Lecture 12: Normal Labor and Delivery Flashcards
On obstetric exam what is fetal lie?
- Reference is maternal spine to fetus spine
- Determines if infant is longitudinal, transverse, or oblique
On obstetric exam what is fetal presentation?
- Presenting part of the pelvis
- Vertex, breech, transverse, or compound (vertex w/ hand)
Which maneuvers are used to determine the fetal lie?
Leopold Maneuvers
On obstetric exam what are the 5 parts of the cervical exam?
- Dilation checked at level of internal os
- Effacement: thinning of the cervix
- Station: degree of descent of presenting part of fetus
- Position and Consistency used to calculate Bishop score
When the bony portion of the fetal head reaches what level is it considered “zero” station?
Level of the ischial spines
What are the 4 stages of labor?
- First = onset of true labor to complete cervical dilation (latent and active)
- Second = complete cervical dilation to delivery
- Third = delivery of infant to delivery of placenta
- Fourth = delivery of placenta to stabilization of patient
What is the latent vs. active phase of the first stage of labor?

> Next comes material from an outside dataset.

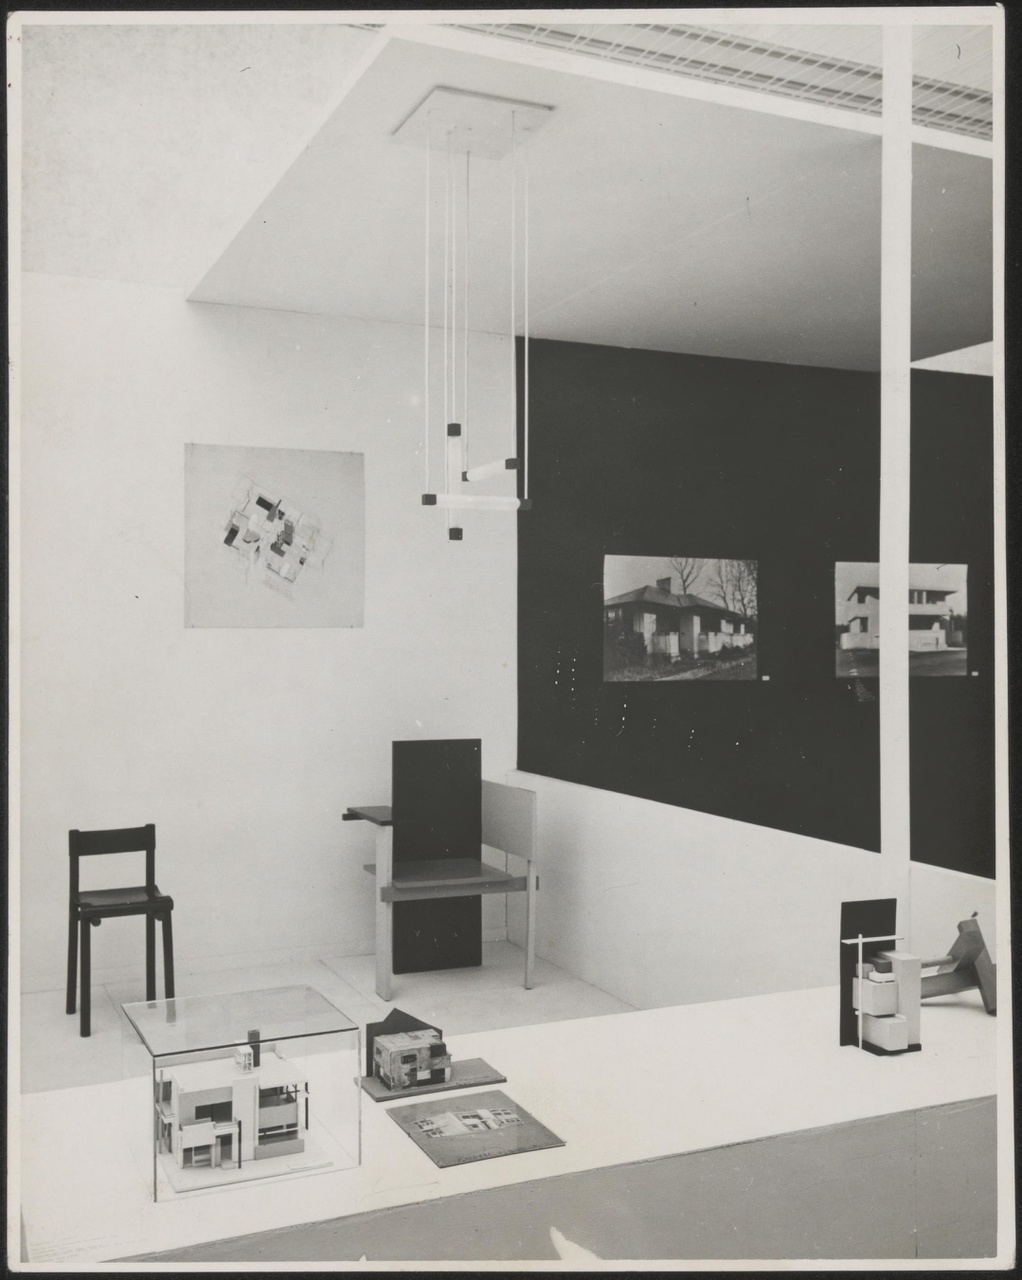 Afbeelding van tentoonstelling De Stijl SMA, 1951, overzicht gedeelte afdeling Rietveld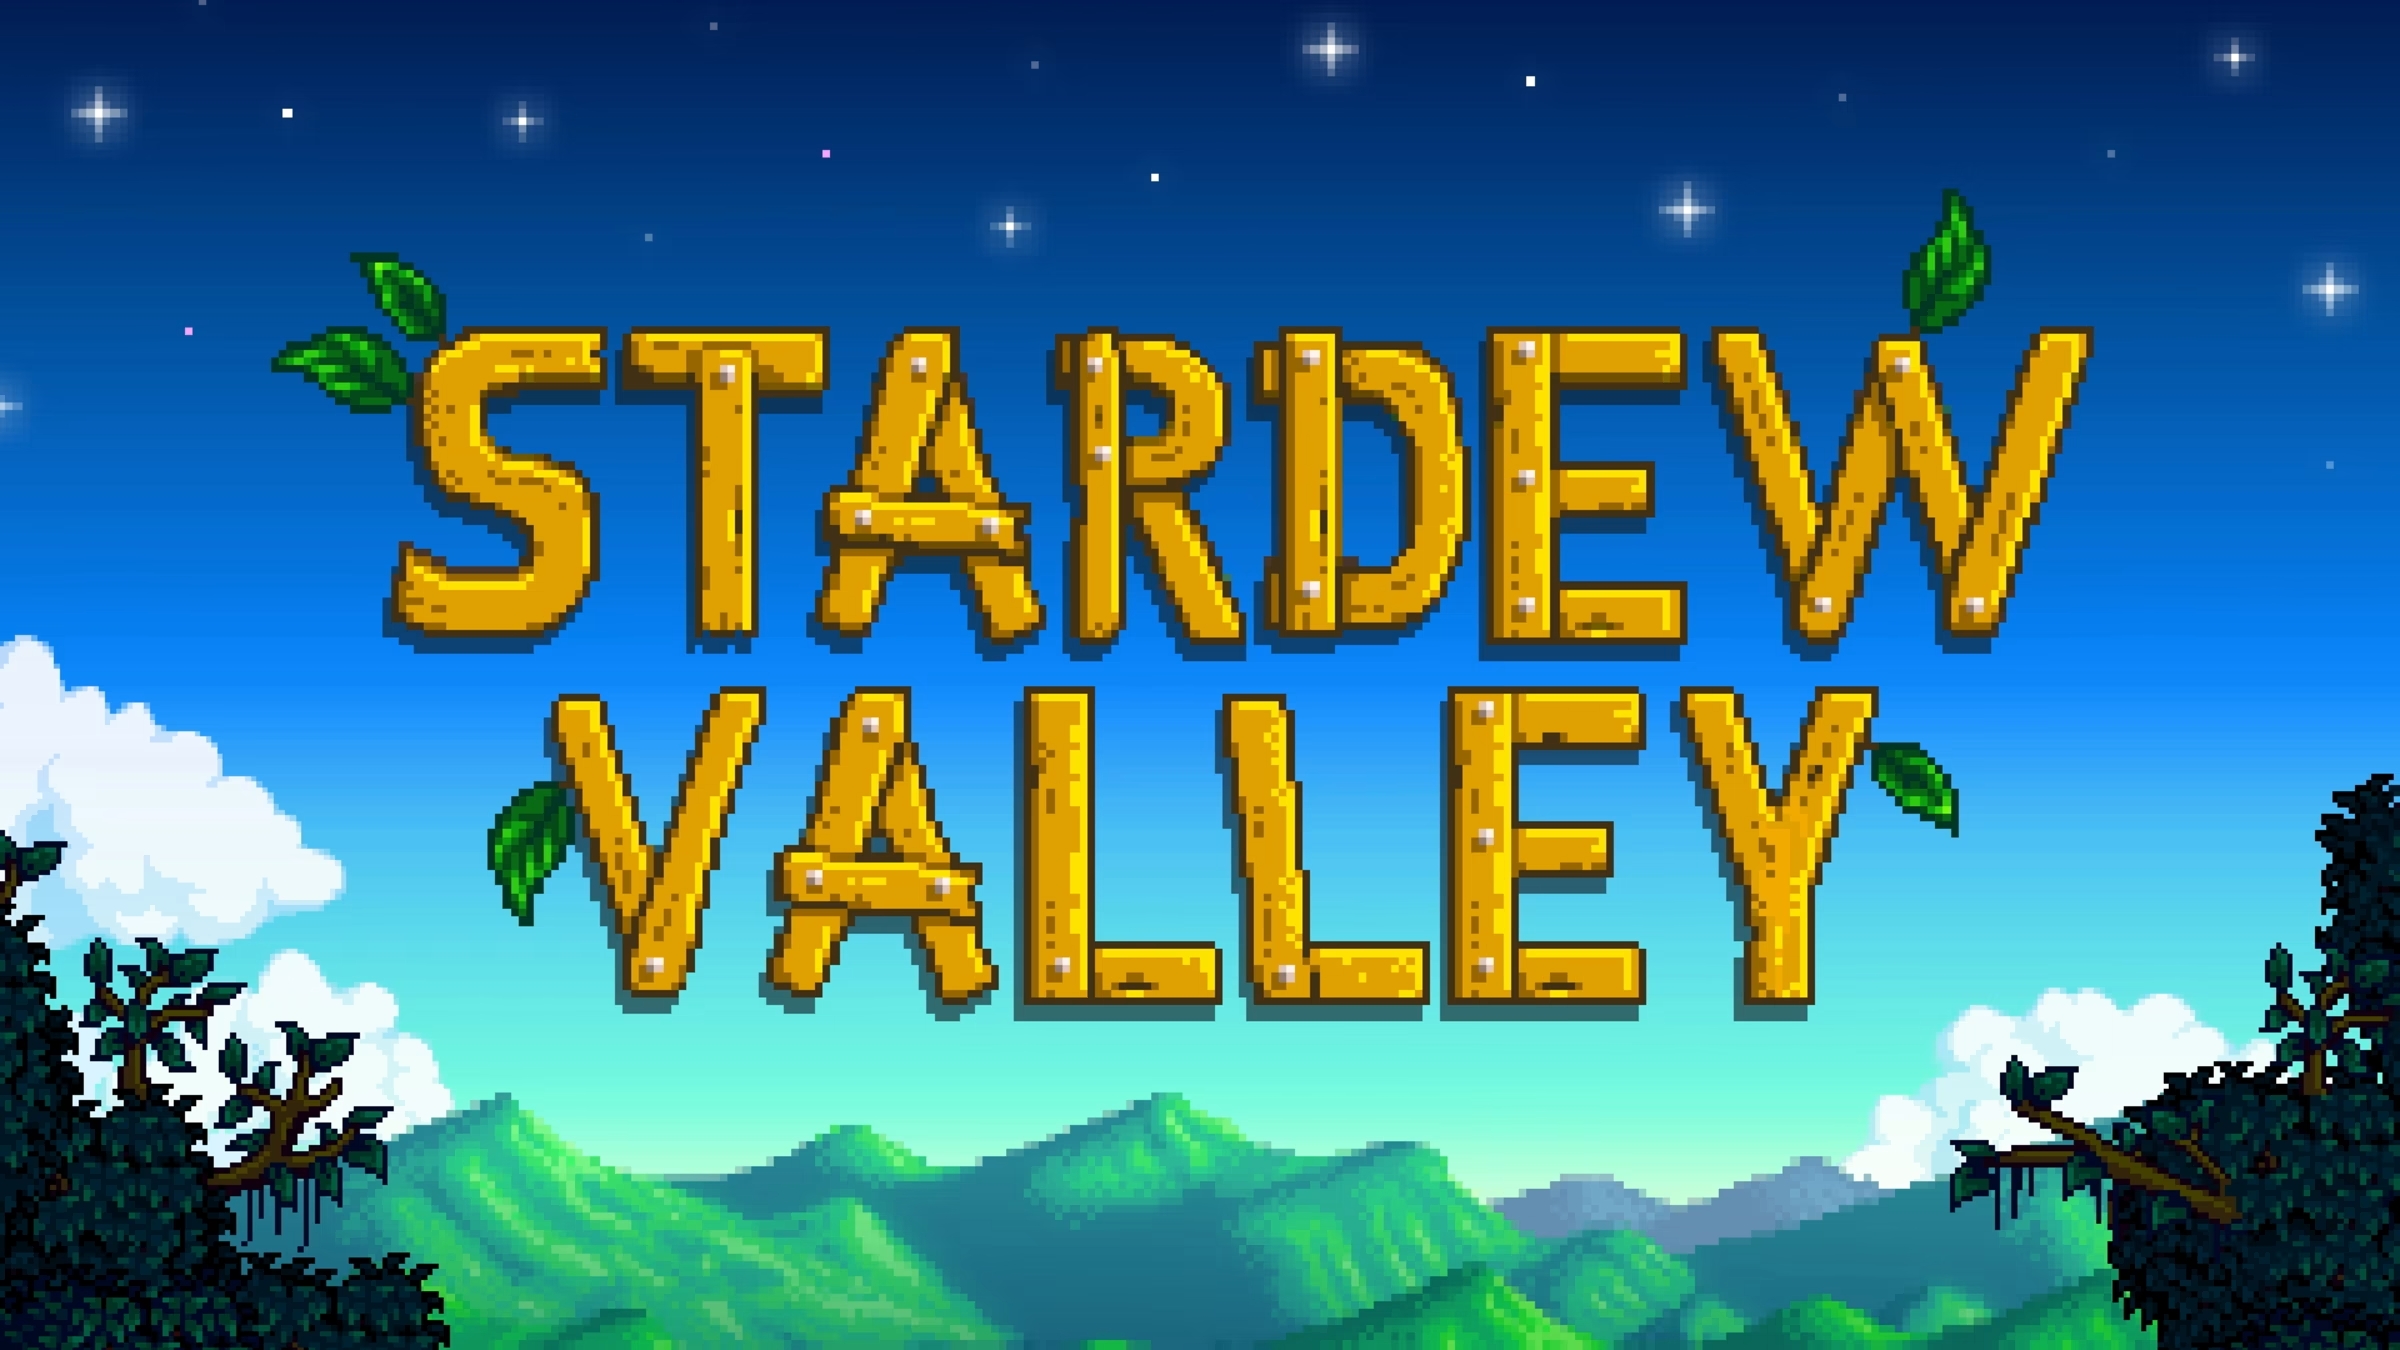 ConcernedApe-utvecklaren berättar lite mer om 1.6-uppdateringen för Stardew Valley

- Latent (early labor): period between onset of labor and is characterized by slow cervical dilation
- Active: faster rate of dilation and usually begins when cervix is dilated to 6cm; admit for labor at this stage in term gestations
What is normal rate of cervical dilation (cm/hr) in primiparas and multiparas?
- Primiparas = 1.2 cm per hr
- Multiparas = 1.5 cm per hr
How is maternal position managed during first stage of labor and can they ambulate?
- Patient may ambulate if: head is engaged and reassuring monitoring is noted
- If lying in bed, encouraged left lateral recumbent position
Which labs taken during first stage of labor and how often do you monitor vitals?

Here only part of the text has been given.